PCM ist ja quasi unangetastet und Dolby Digital wäre von einer Soundkarte kodiert, also angetastet.

Oder irre ich mich grade total?


----------



## Diavel (30. Mai 2012)

Ne, ist schon richtig so. In der Theorie ist Dolby Digital/DTS schlechter. Ob das jetzt hörbar ist steht woanders.


----------



## Less_Is_More (30. Mai 2012)

Hmm, komisch. Deine Aussage klingt einleuchtend, aber wie erklärst du dir dann mein unten genanntes Beispiel?

Soweit ich das ganze verstanden habe, ist PCM unkodiert, da es bereits dekodiert worden ist.
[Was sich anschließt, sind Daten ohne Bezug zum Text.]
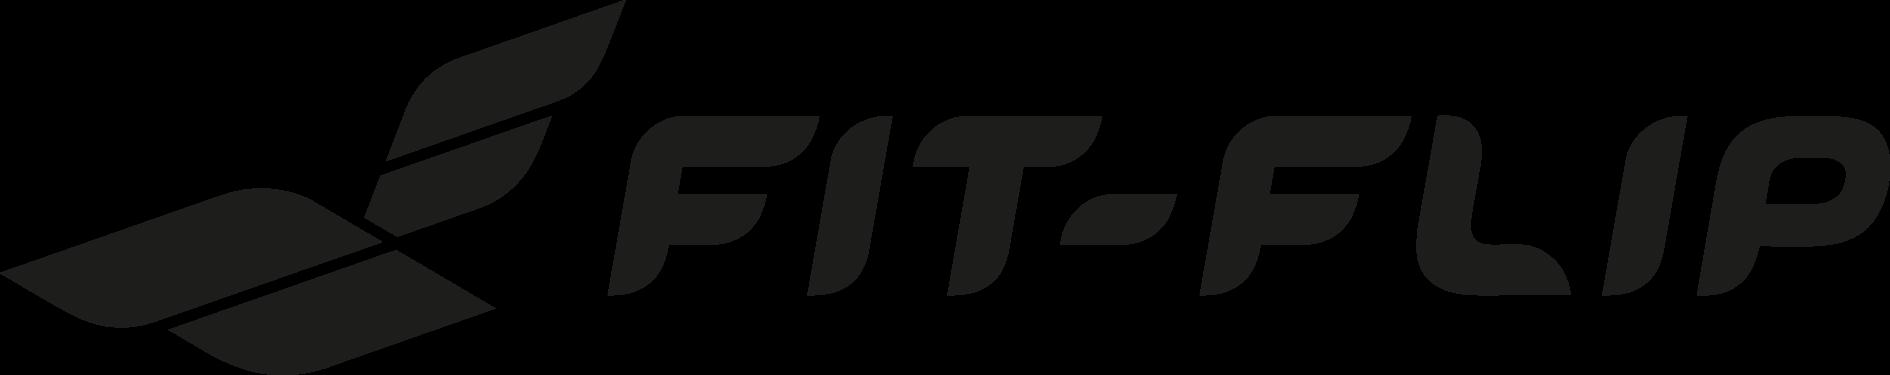 Fit-Flip

Und zwar nicht vom AVR, da dieser ja selbst nur das bereits unkodierte erhält.

BSP. Wenn ich Musik oder Youtube Videos ansehe, bekomme ich Multi Ch PCM. Da gibts auch nichts dran auszusetzen, da minderwertige Qualität.
Testweise habe ich mir aber mal ein paar dieser THX Demos runtergeladen - und siehe da, Dolby Digital leuchtet auf. Und zwar ganz von allein. (Im VLC Player A/52 über SPDIF wählen)
Wieso wird mir dann hier nicht auch Multi Ch PCM angezeigt?


----------



## Timsu (30. Mai 2012)

Bei PCM kann man aber nicht alle Klangoptionen/Einstellungen/DSP Programme des Receivers nutzen.


----------



## Less_Is_More (30. Mai 2012)

Soo, war bis eben bei Google unterwegs....

Meine neueste Erkenntnis ist, das PC Games via HDMI grundsätzlich nur PCM Signale wiedergeben können. 
Sofern ich also nicht DD Live/ DTS Connect nutze, wird niemals der schöne Dolbyschriftzug aufleuchten.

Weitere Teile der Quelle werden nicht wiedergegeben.